Culture shoc

We heard so much about it – yet it all comes down to the straw.
And the people you love.

I really love this poem, Hermann Hesse wrote 1941 and think it’s still worth considering although it has whiskers. It is neither a travel nor a cultural poem. He wrote it after a longterm disease, reconciling thoughts about death and life.

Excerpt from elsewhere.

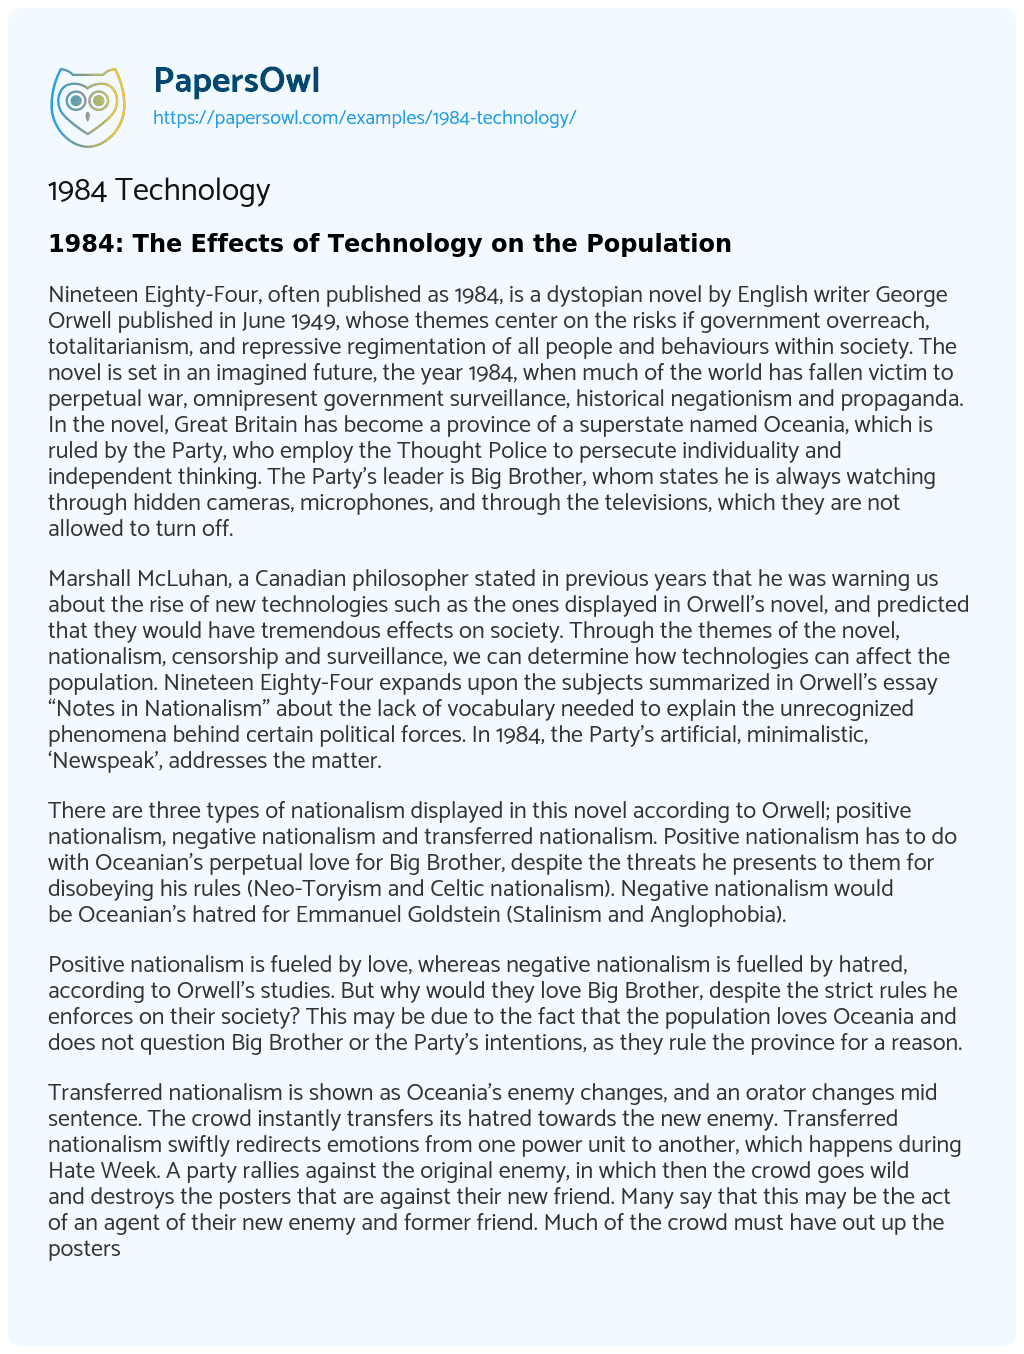 1984 Technology essay

Wie jede Blüte welkt und jede Jugend                                   As every blossom fades
dem Alter weicht, blüht jede Lebensstufe,                            and all youth sinks into old age,
blüht jede Weisheit auch und jede Tugend                           so every life’s design, each flower of wisdom,
zu ihrer Zeit und darf nicht ewig dauern.                              attains its prime and cannot last forever.
Es muss das Herz bei jedem Lebensrufe,                              At life’s each call the heart must be prepared
bereit zu Abschied sein und Neubeginne,                             to take its leave and to commence afresh.
Um sich in Tapferkeit und ohne Trauern                              courageously and with no hint of grief
in andre neue Bindungen zu geben                                       submit itself to other newer ties
Und jedem Anfang wohnt ein Zauber inne,                           A magic dwells in each beginning,
der uns beschützt und der uns hilft zu leben.                      protecting us, telling us how to live.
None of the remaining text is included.